8Fortunately, it appears that there are two far simpler and surer means of getting to the same end result of putting a trustee in bankruptcy in charge of these companies as soon as practicable.
9NEP is a private, CBCA corporation. A unanimous shareholder declaration can do anything a director’s resolution can do by large and indeed more.
10There is no obstacle to a unanimous shareholder declaration of NEP authorizing and directing a named person – that could be virtually any person the shareholders decide to name – to sign an assignment in bankruptcy and to approve the draft statement of affairs also approved by the shareholders in the same declaration. All of this can be done without assuming personal liability by the nominee of the shareholders signing the declaration. True, the superintendent will need to name someone to examine as to the bankruptcy down the road. That person need not be the signatory of the assignment in these circumstances. Prior directors or senior employees exist whether they have resigned or not and can be so named in due course.
11I see no difficulty in authorizing the filing of each operating subsidiary by unanimous shareholder declaration as well. The declaration by NEP’s shareholders could also operate to cause NEP – by the same declaration – to direct the bankruptcy assignment of each of the relevant wholly-owned subsidiaries. Alternatively, the trustee of NEP could apply for an order on day 1 authoring the filing of the subsidiaries.
12Alternatively, s. 109(4) of the CBCA deems a person actually supervising the management of the business and affairs of the corporation to be a director if all of the directors have resigned. The sole remaining employee could potentially occupy that role for all of the corporations or at least for the operating subsidiaries whose affairs he is currently managing. Such a person could sign an assignment.

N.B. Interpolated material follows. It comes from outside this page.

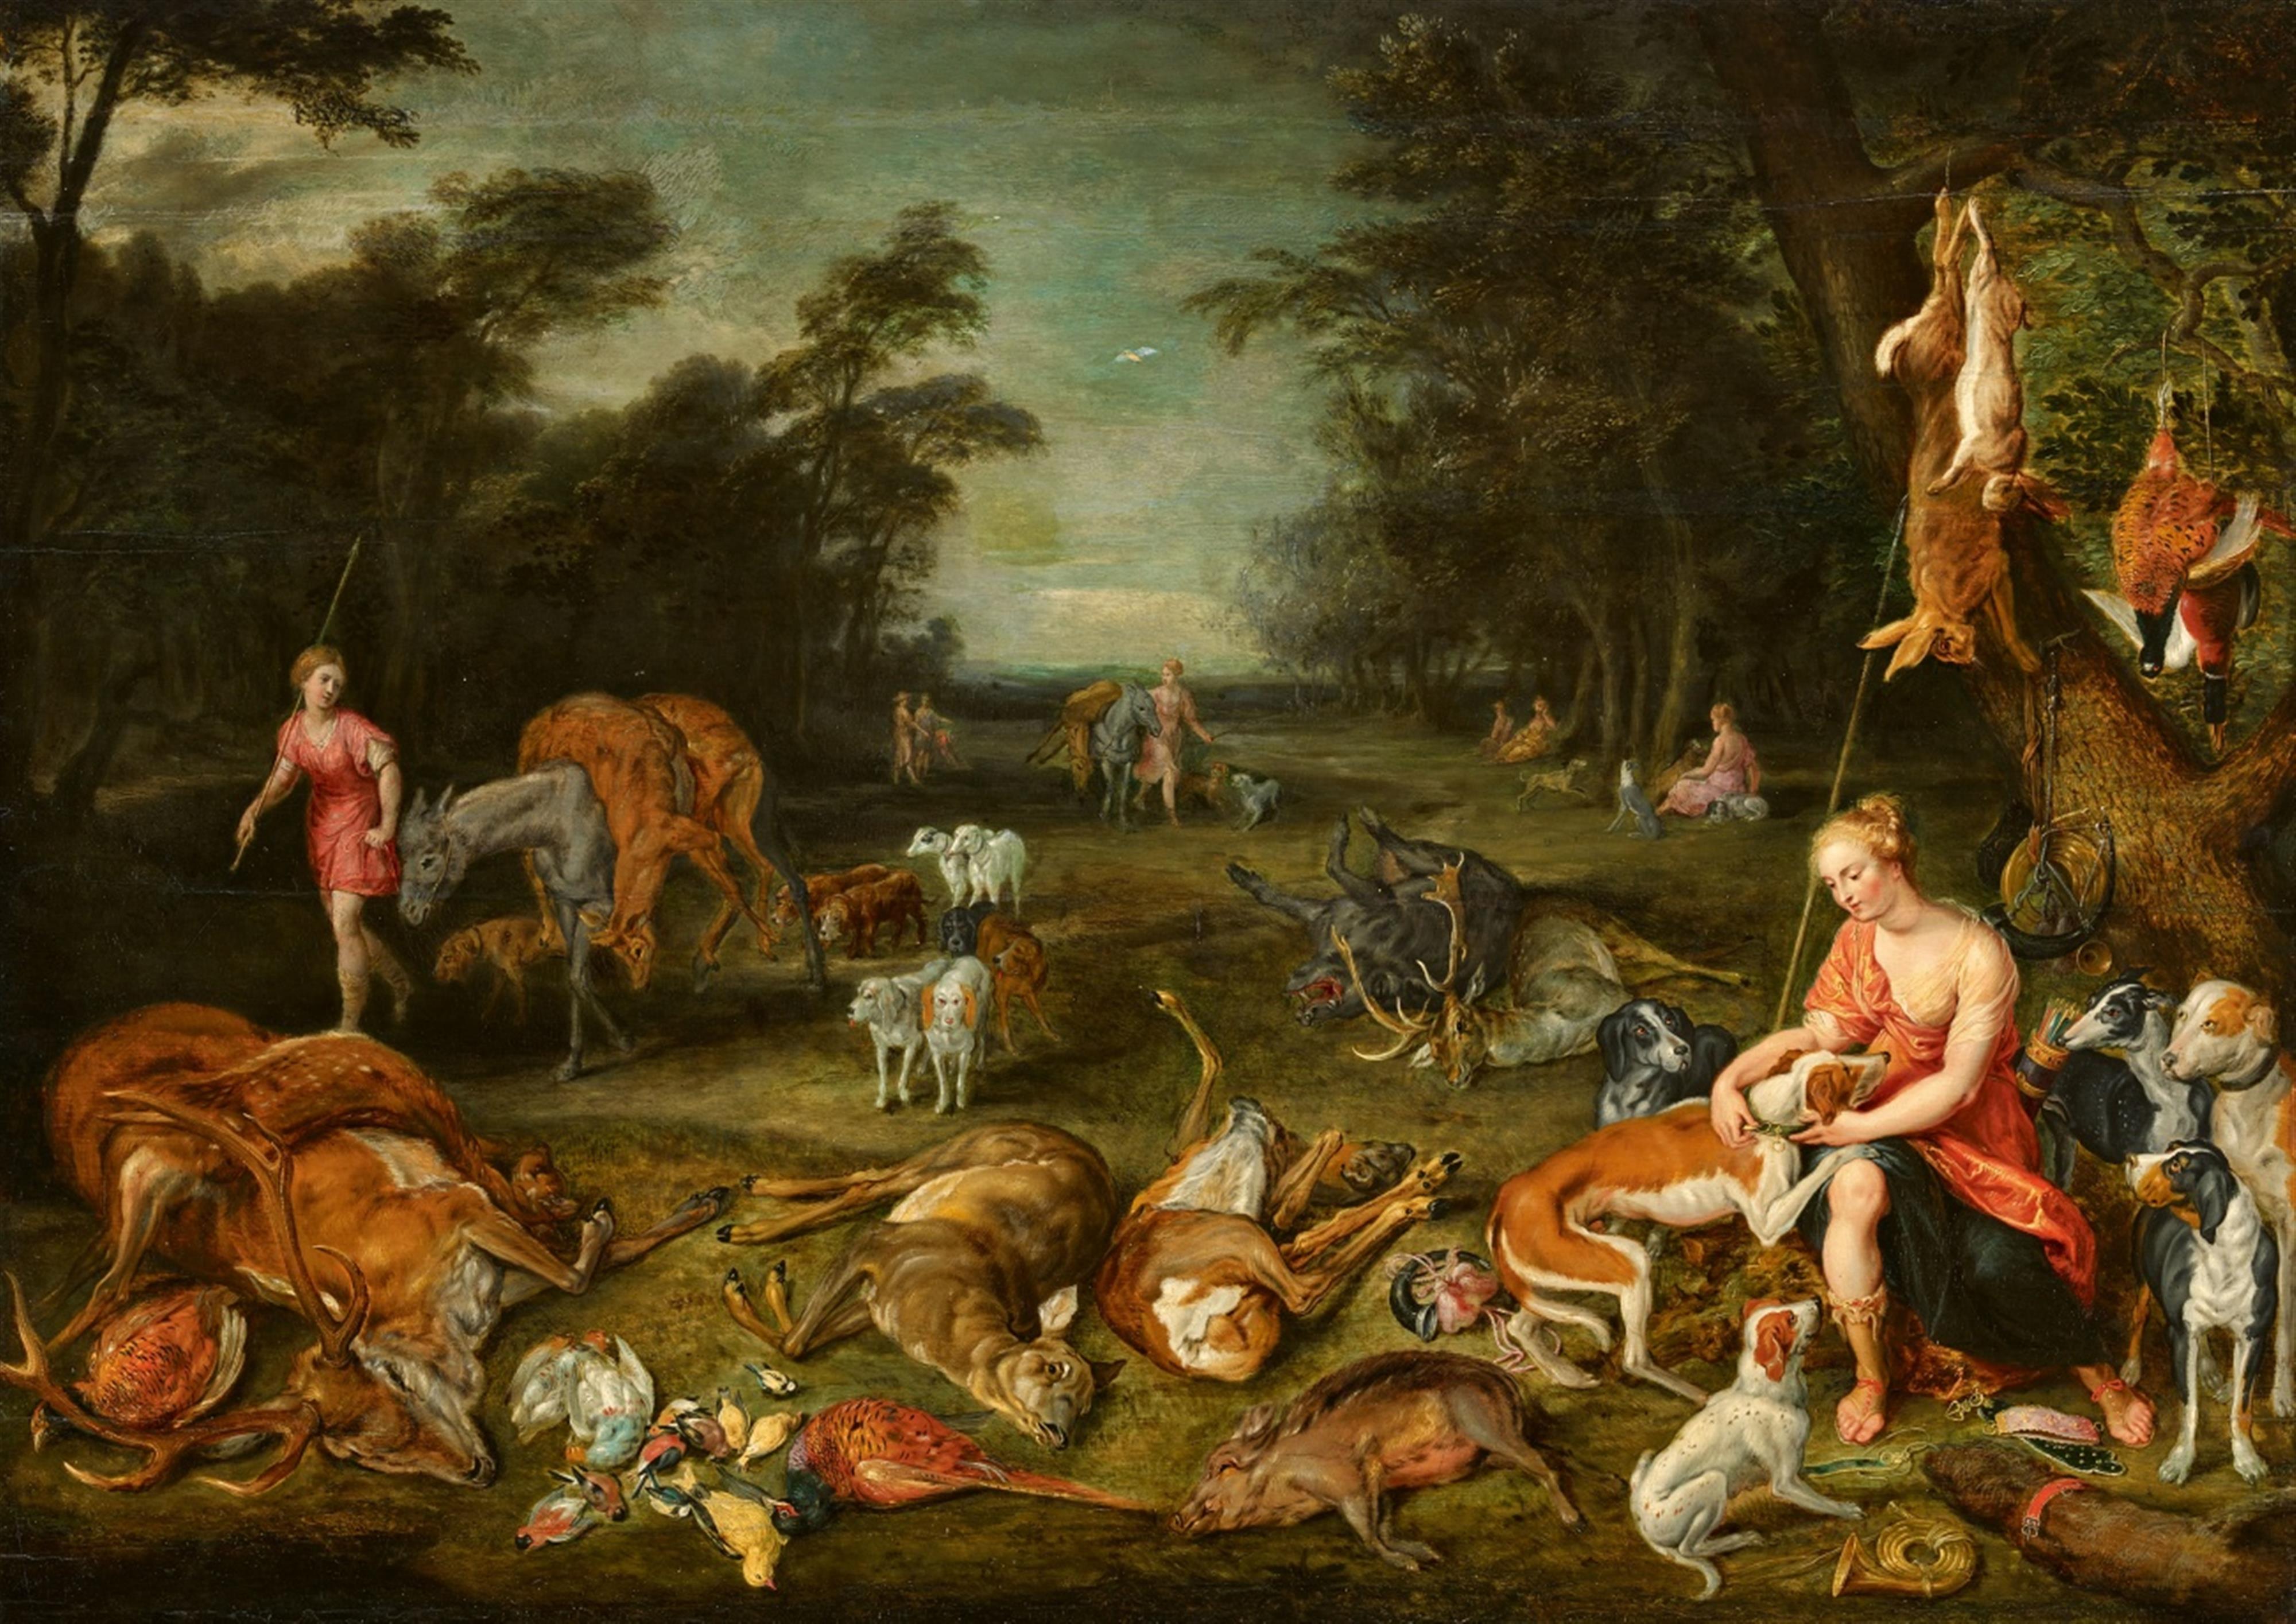 Jan Brueghel the Younger, circle of
Hendrick van Balen, circle of - Landscape with Diana after the Hunt - image-1

13This endorsement ought to assist in processing an assignment by one of these routes if necessary.
14If none of the foregoing can be made to work, a simple revised application may be prepared that clearly identifies (i) the debt held by the creditor; (ii) the actual act of bankruptcy alleged against the NAMED debtor (not a subsidiary) and the evidence thereof; (iii) supported by a proper affidavit on personal knowledge or form attributed, identified sources; and (iv) explaining what service has been made on the debtor and how (i.e. left a registered office along with a short explanation of why service should be deemed effective and shortened). While the assignment route appears the simplest and surest path forward, I will hear a revised application for a bankruptcy order supplemented with the above information on short notice if need be.

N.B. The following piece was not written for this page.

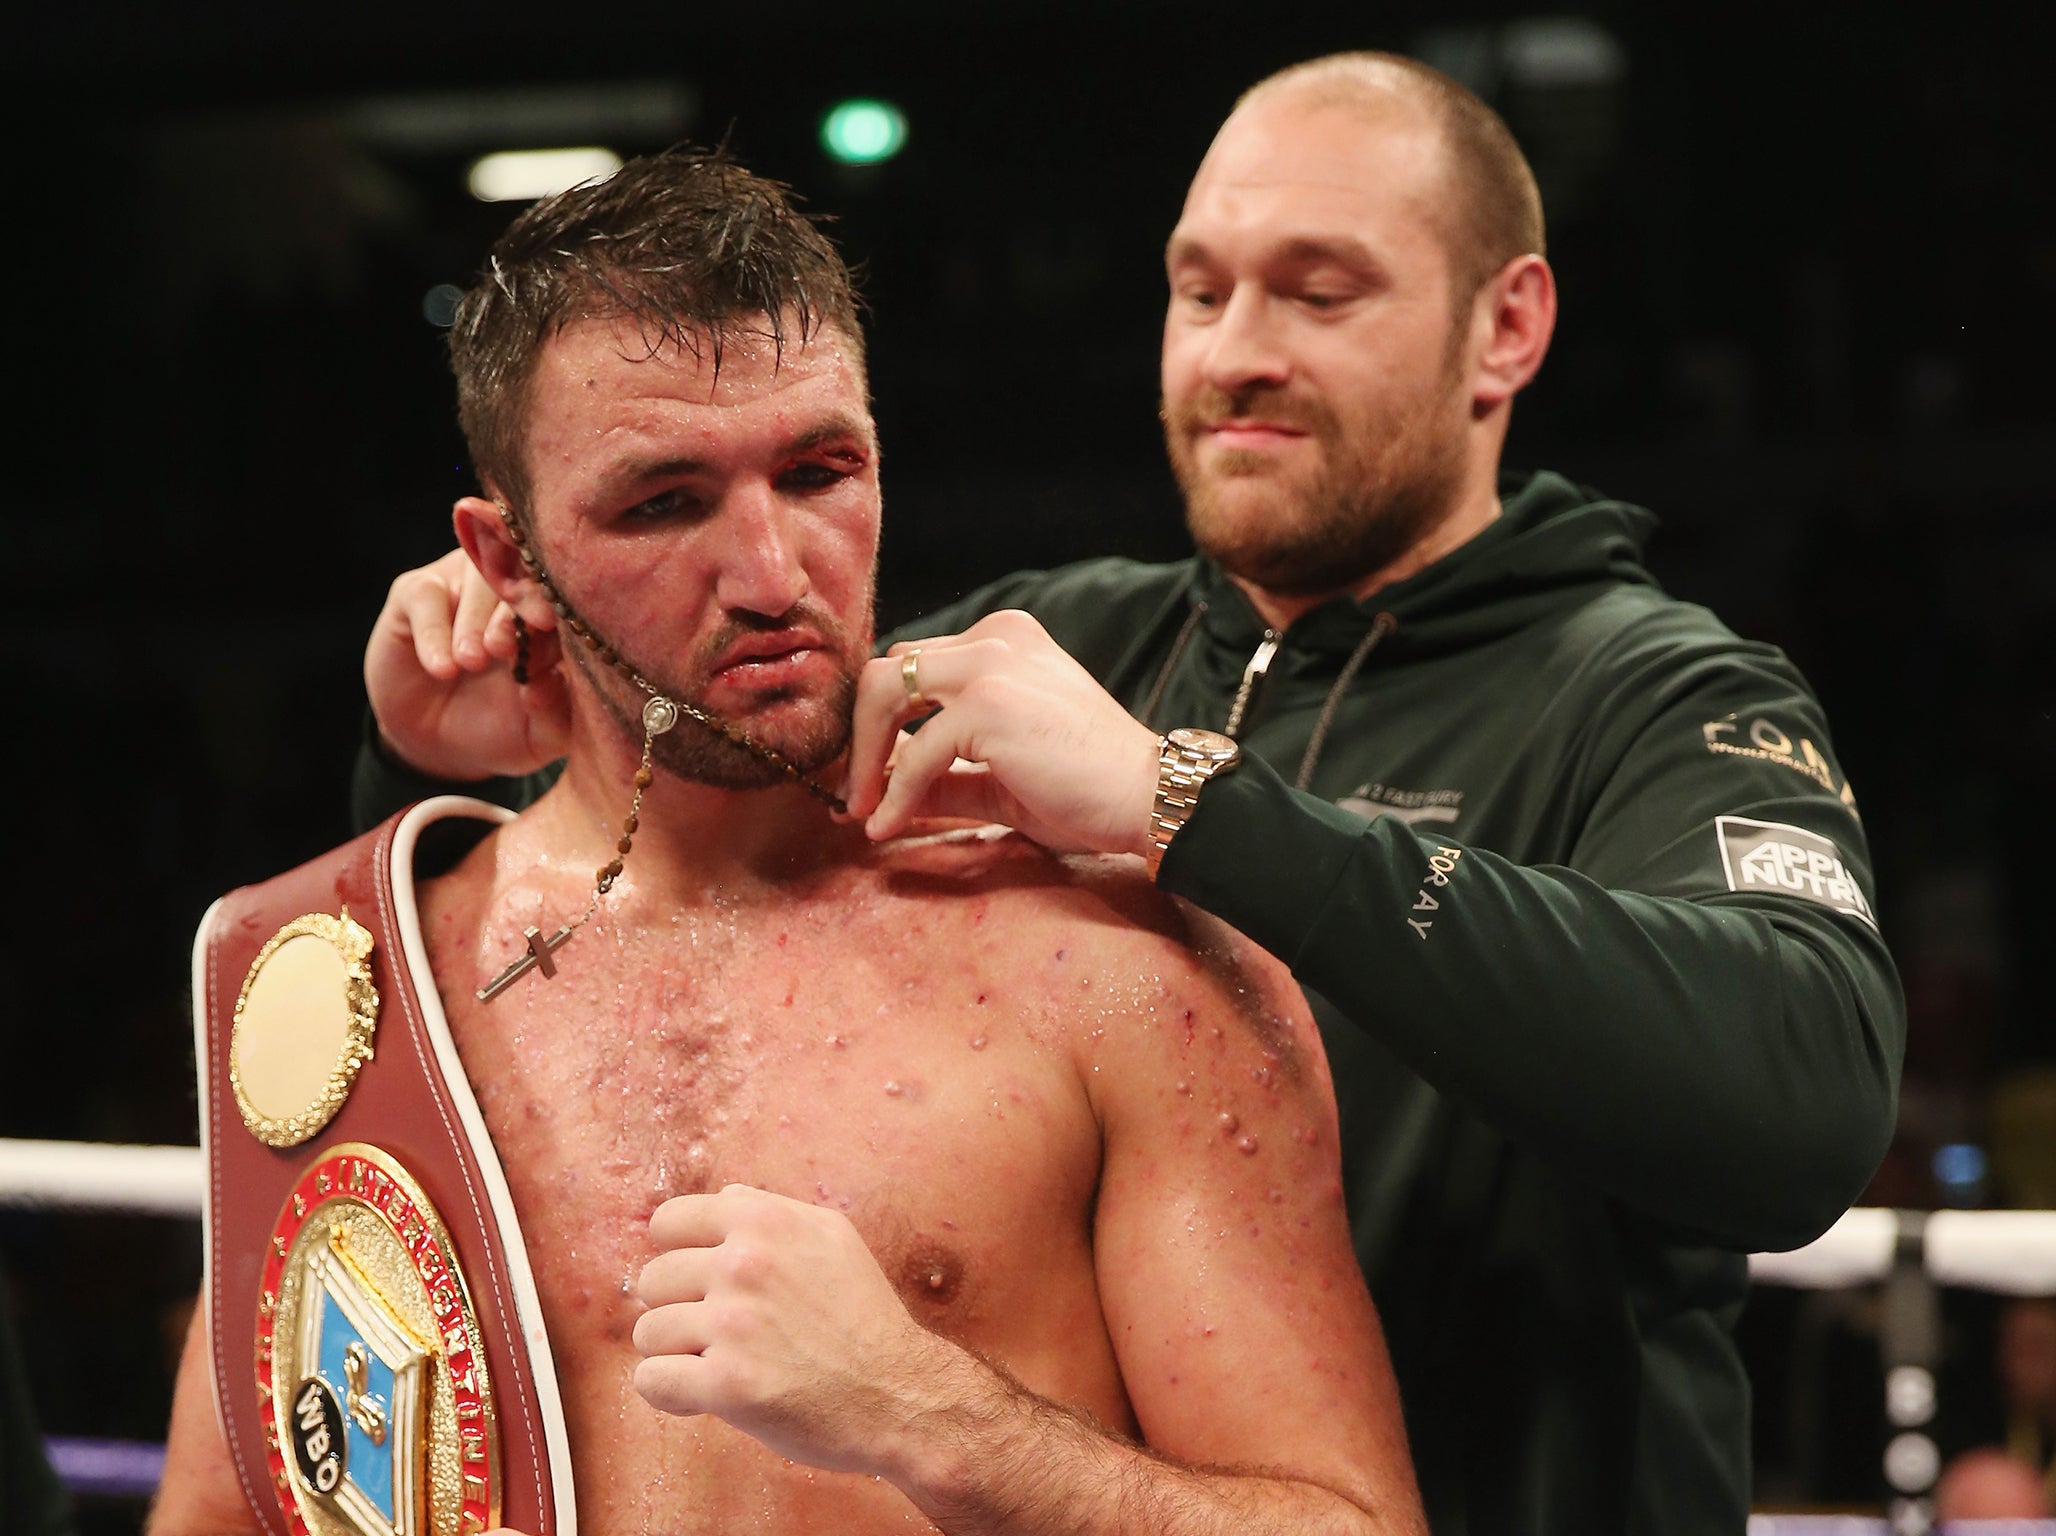 Both Tyson and Hughie Fury tested positive for nandrolone

15Finally, I wish to address the concerns of Toronto Hydro. Counsel for TH appeared and raised the rather obvious and pressing concern of that utility. They cannot conceive of cutting power to their customer where doing so would place countless lives at risk. They need to arrange a simple assignment and assumption agreement to enable TH to supply them directly. Such an agreement could be presented for approval of the court on a consent basis – I see no impediment to the trustee to be appointed supplying its consent – quite rapidly to enable an over the counter consent motion. It could be directed to me for signature if required.
16It is clear that something must happen and must happen quickly. I have indicated a fairly clear path to follow to get what needs to be done accomplished. I will be happy to assist by remaining seized to provide any necessary orders to get it over the finish line as needed.